The disadvantages of a C Corporation are:

  • The possibility of double taxation. A C corporation pays taxes on its corporate income. Then, if the company disburses dividends to its shareholders, they must pay taxes on their income tax returns. In effect, corporate income can be taxed twice.
  • C corporations require more paperwork than S corporations. They must hold formal shareholder and board meetings each year and maintain accurate minutes of these meetings. The government conducts more oversight over C corporations because of complex tax regulations and the protections provided to shareholders from responsibility for debts and lawsuits.
  • Corporate losses of a C corporation cannot be deducted by the shareholders, unlike with an S corporation.
  • A C corporation usually requires an accountant because the tax forms and regulatory filings for C corporations are complicated. Owners may prefer to spend their time working in their business and selling their products, not filling out endless reports for state and federal government.

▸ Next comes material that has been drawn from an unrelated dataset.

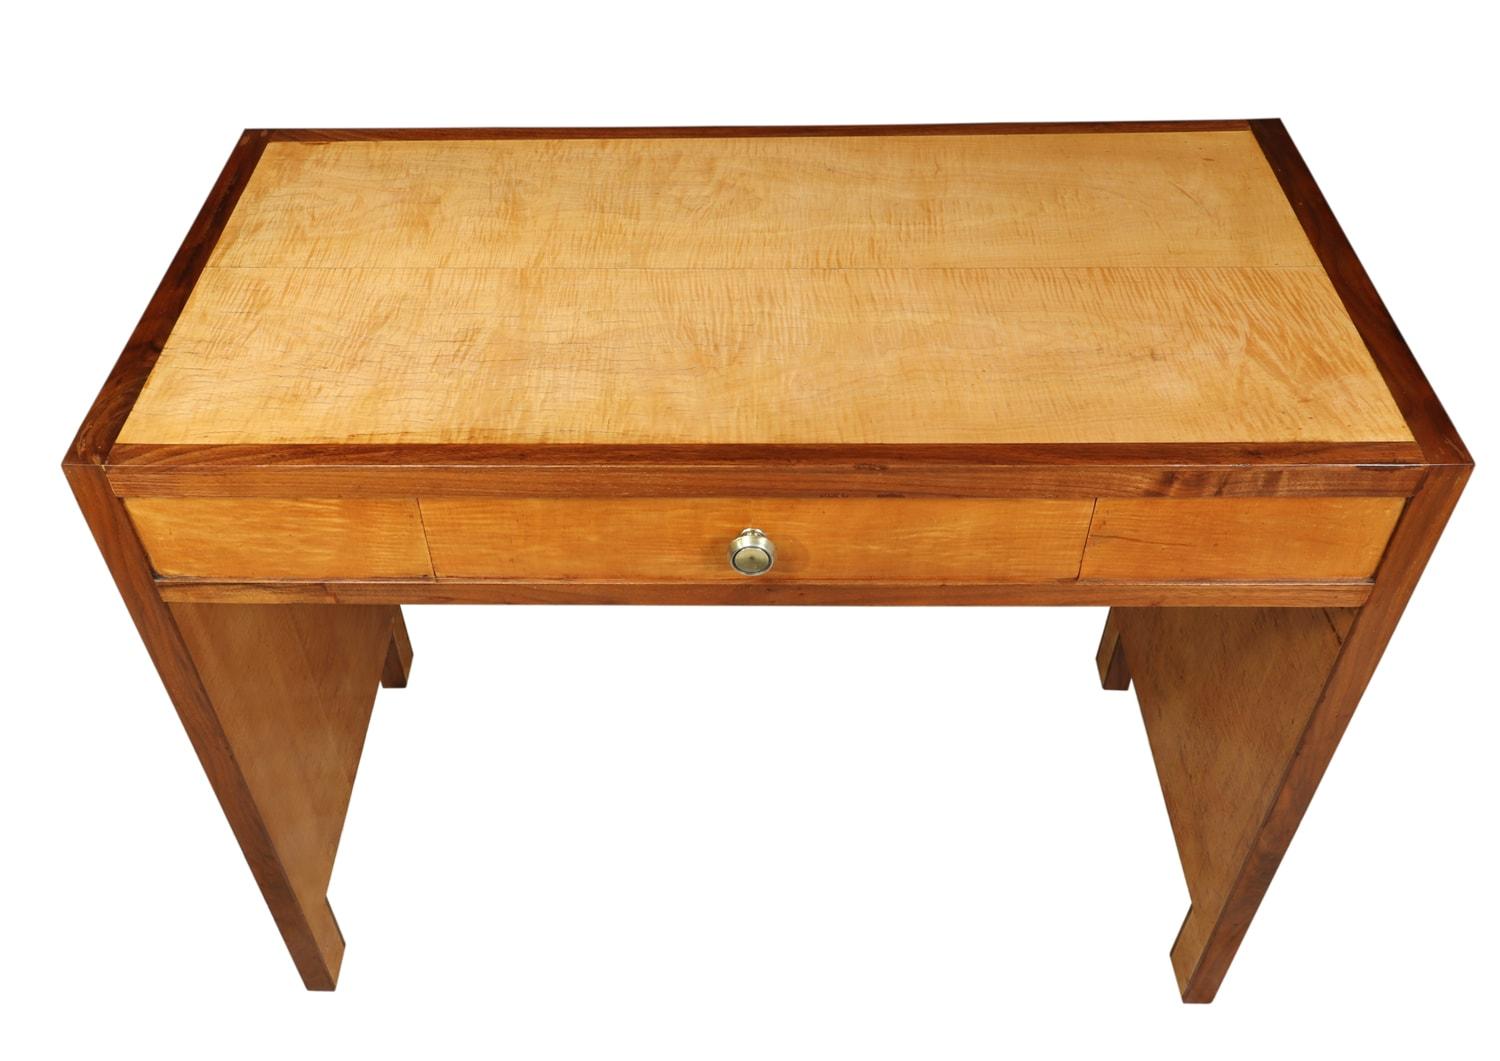 Art Deco Sycamore writing table, circa 1930
a single drawer writing table produced in France in the 1920s with solid walnut edging and sycamore veneer the table is aesthetically pleasing to the eye, the drawer is of dovetail joint construction with

Differences Between C and S Corporations

C corporations and S corporations both offer limited liability protection, have shareholders, directors and officers and require the filing of Articles of Incorporation. However, they have differences in tax rules and type of ownership.

  • An S corporation has only one level of taxation, whereas a C corporation has the possibility of double taxation.
  • An S corporation is limited to 100 shareholders who can only be individuals. A C corporation can have an unlimited number of shareholders of any type including other corporations, partnerships and trusts.
  • An S corporation cannot have multiple classes of stock. A C corporation can have different classes of stock.

How to Establish a C Corporation

The steps to set up a C corporation are:

  1. Decide on the state of incorporation.
  2. Decide on a name and address of the corporation and register with the state.
  3. Write the Articles of Incorporation, shareholder agreement and bylaws.
  4. Decide the number of shares of stock authorized, classes of stock and par value of each share.
  5. Designate a board of directors and officers.
  6. Appoint a registered agent.
  7. Obtain a federal employer identification number from the IRS.

Many new business owners start out with an S corporation and change to a C corporation as their business grows. C corporations have more flexibility in raising capital because they have more shareholders and issue different classes of stock. The major disadvantage of a C corporation – the possibility of double taxation of income – can be offset by increased employee benefits, which are treated as nontaxable income.